Two bills authored by state Sen. Josh Becker, D-Menlo Park — one to streamline health care access statewide and another aiming to provide telehealth services to farmworkers — have been signed into law by Gov. Gavin Newsom.
Senate Bill 306, dubbed the Defending Physicians Decisions Act, will exempt any service or treatment that is approved at least 90% of the time from prior authorization.
Prior authorization — when a doctor is required to get approval from a patient’s health insurance before prescribing medication, service, testing or other treatment — can create care bottlenecks that delays patient care and forces doctors to spend increasing amounts of time on paperwork, according to Becker’s office.
In addition, Becker said, 1 in 5 doctors have seen a delay in care that resulted in hospitalization. This legislation aims to take services and treatments that are overwhelmingly approved out of that delayed cycle, offering patients more immediate care, he said.
“Let’s not go through the paperwork and make everybody jump through to get it approved again,” he said. “Let’s just have it approved right away and have that care delivered right away.”
Becker’s Senate Bill 338 is inspired by coastal Latino arts and programming nonprofit Ayudando Latinos A Soñar’s mobile health care services, which delivers virtual health care, mental health services and educational programming to coastal farmworkers where they’re at in collaboration with Life Science Cares.
The bill establishes a pilot program for two similar virtual health care hubs, which will be run by local community-based organizations, to serve rural farmworker communities. The pilot program will use a philanthropic donation system, Becker said, with a fundraiser scheduled in December.

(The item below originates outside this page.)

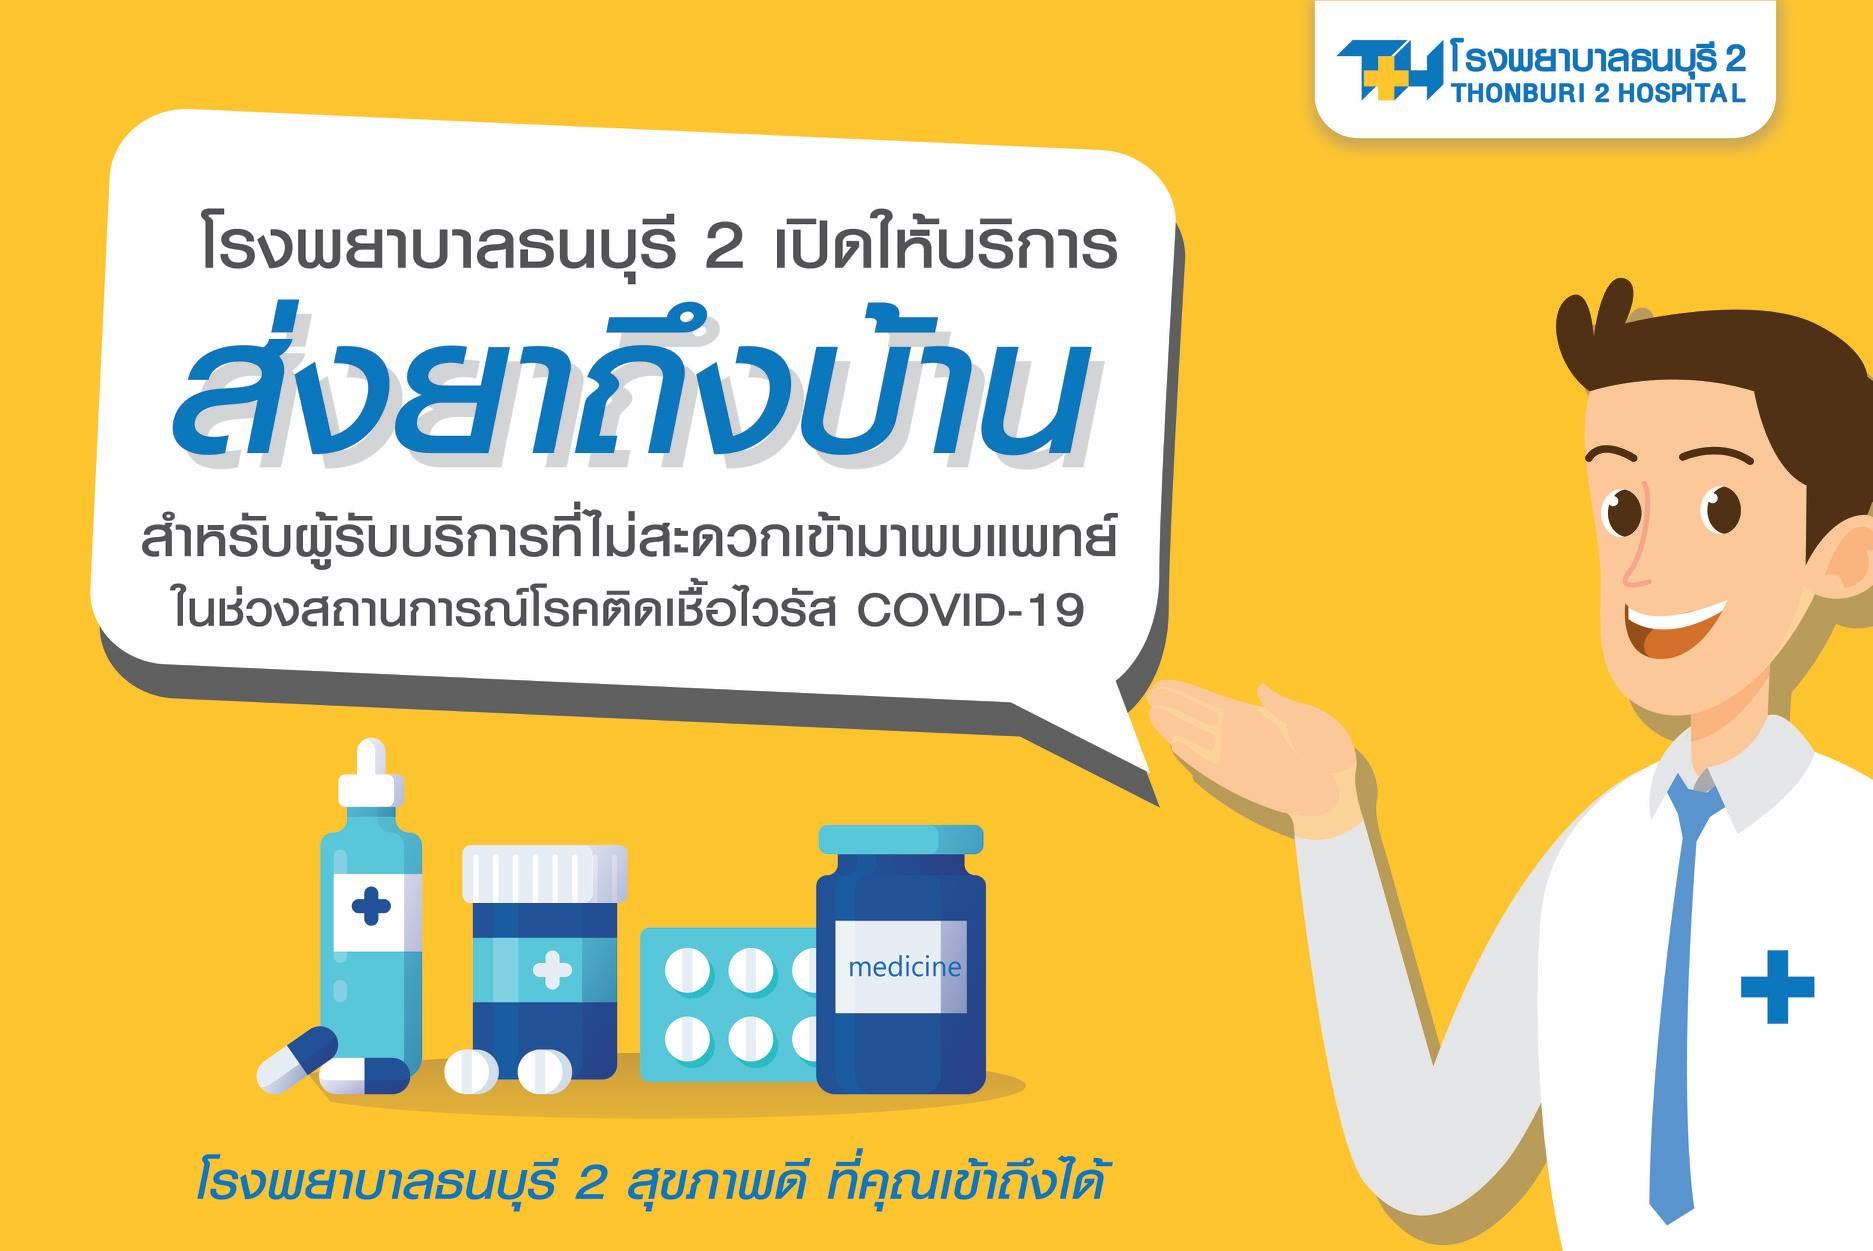 Thonburi2 Hospital โรงพยาบาลธนบุรี2
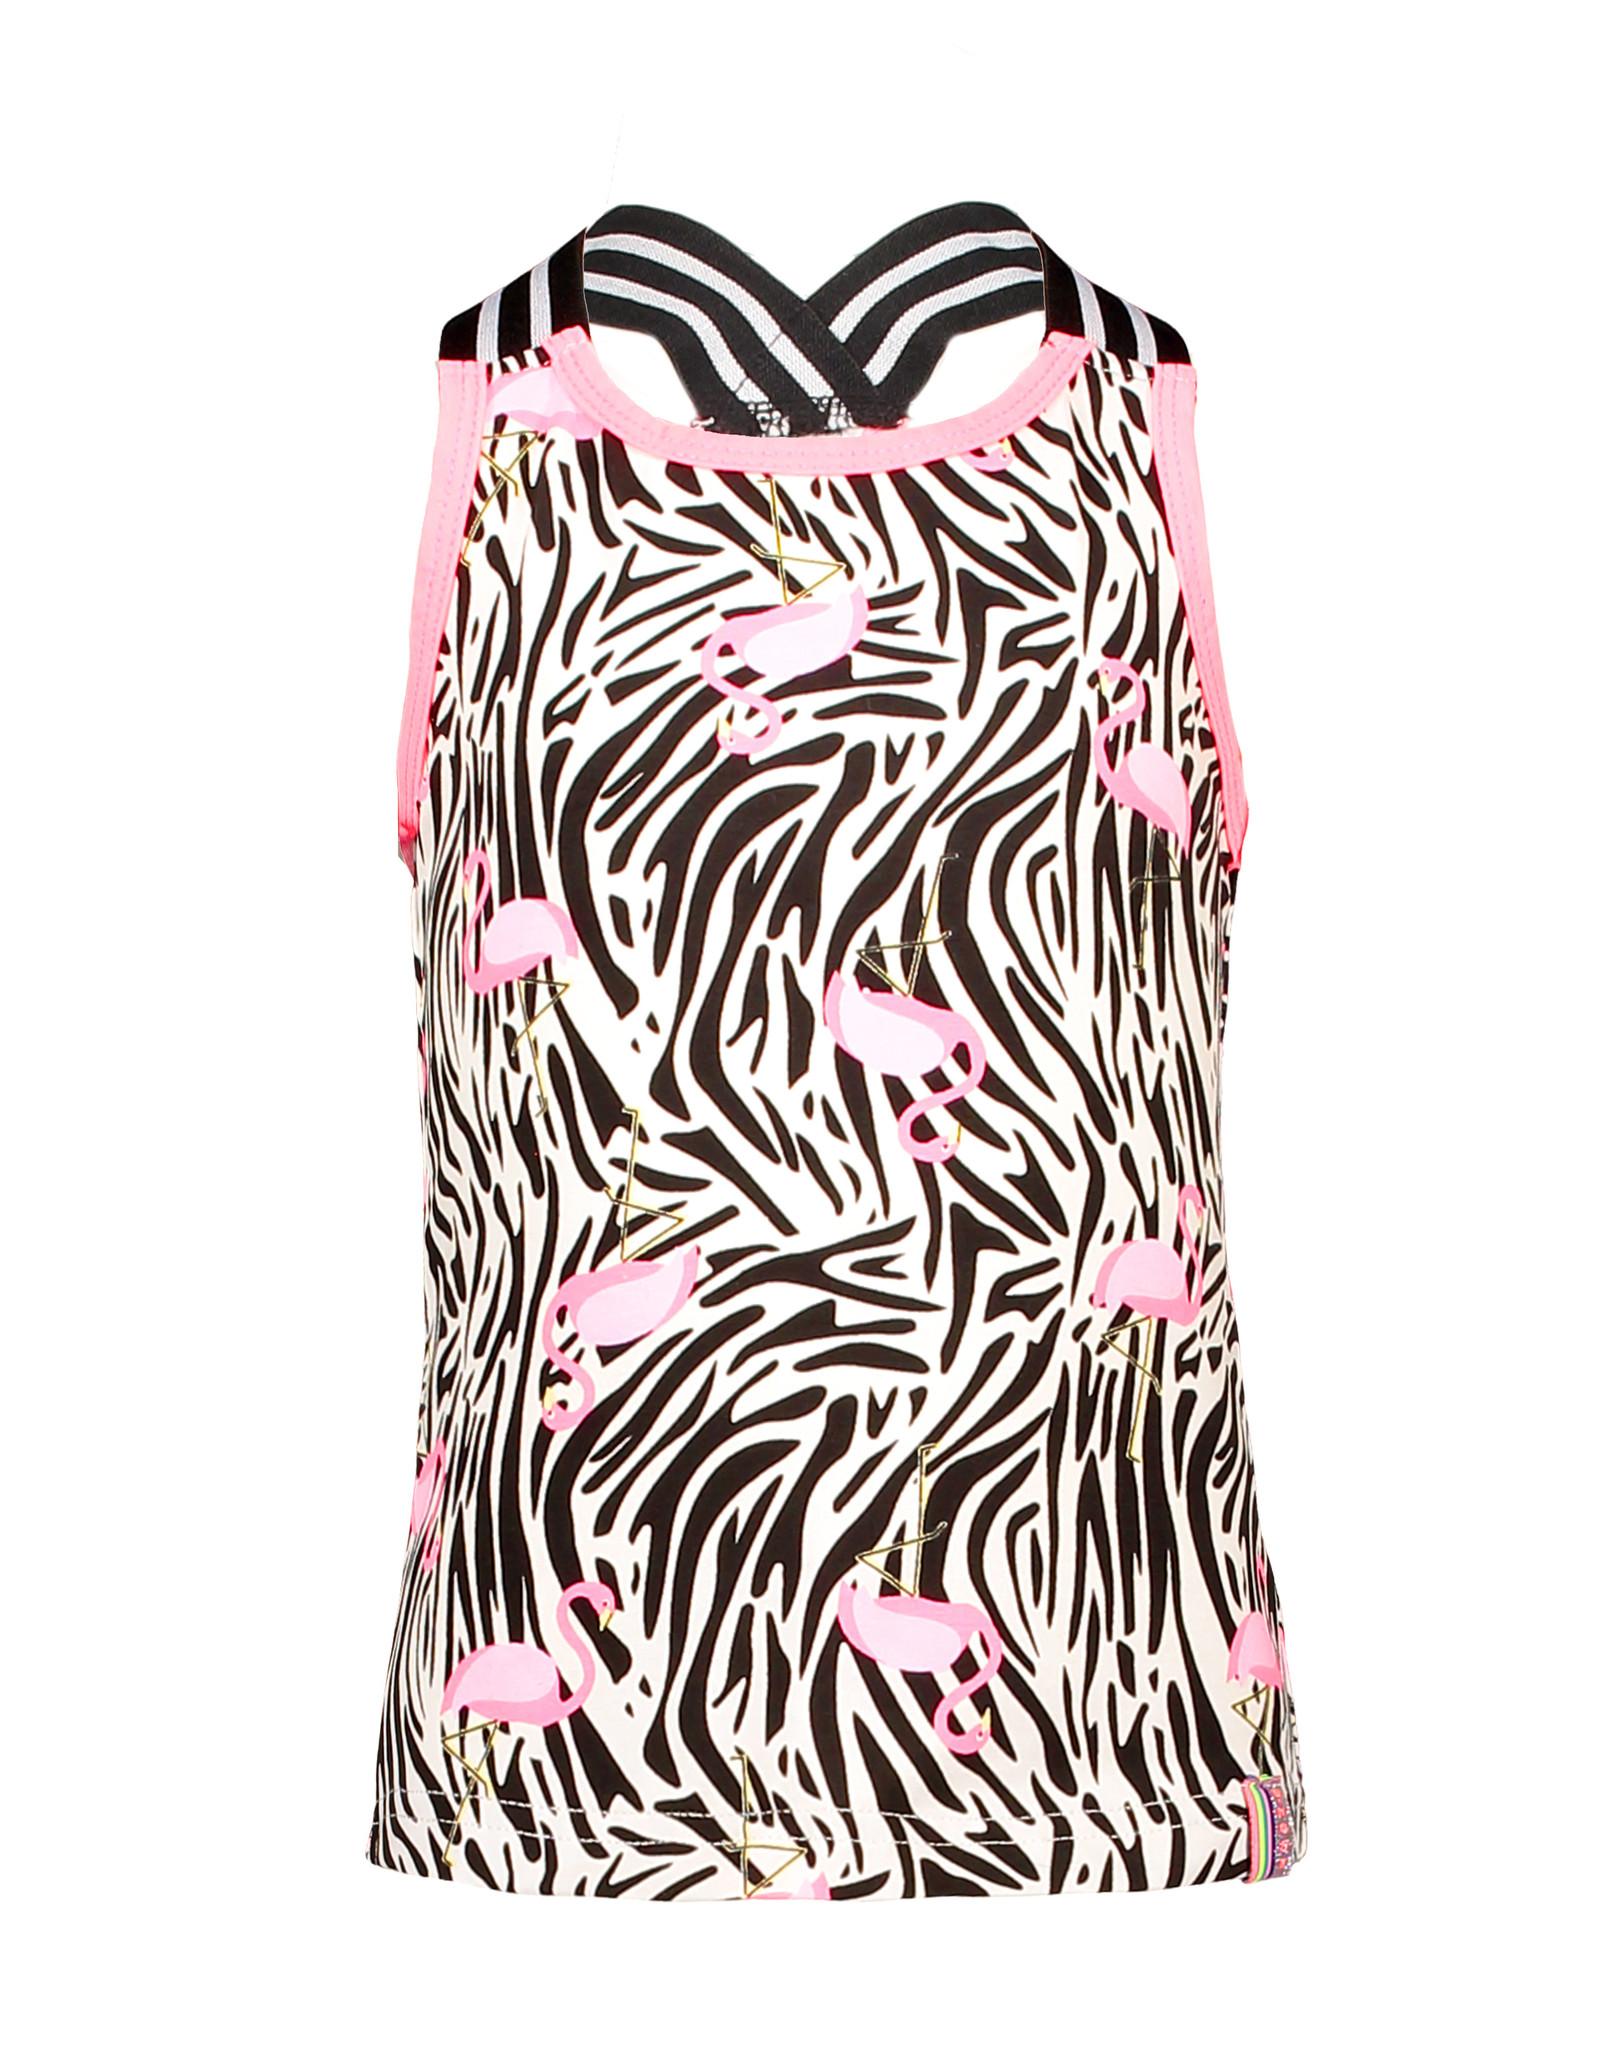 B.Nosy B.Nosy Girls Jersey Singlet With Elastic- White Flamingo Zebra All Over Print

“Once it’s funded, we’ll keep running, then the question is, will we be able to expand it to other communities,” he said. “And if we can show really great success … this is actually a really super cost-effective way to treat vulnerable populations, populations who are really underserved by our health care community.”
The bill began as the winner of the state Senate District 13 “There Ought to be a Law” contest, which helps to elevate the ideas of everyday Californians into legislation. Aisha Baro, executive director of Life Science Cares Bay Area, proposed the idea after her organization worked with the ALAS equity express.
For Baro, the success of the equity express isn’t just its function as a mobile health unit, but that the service group running it is in tune with the community and able to bring a variety of wraparound services that farmworkers might need, at a time when they can use them.
“The trust, the care, the cultural competency, the mental health, the arts all of it — ALAS is a big part of the success, the fact that this mobile health unit is delivered by a trusted organization that speaks the language,” she said.
Crystal Springs Uplands School student David Liu is also working through Becker’s office on how the bill could be implemented, and said he was impressed by the focus on mental health.
Now, this legislation — which was born from a San Mateo County idea and has been worked on by a variety of residents — has become law.
“We try something, if we can prove it out, great, we scale it up,” Becker said. “And that’s what we’re hoping to do.”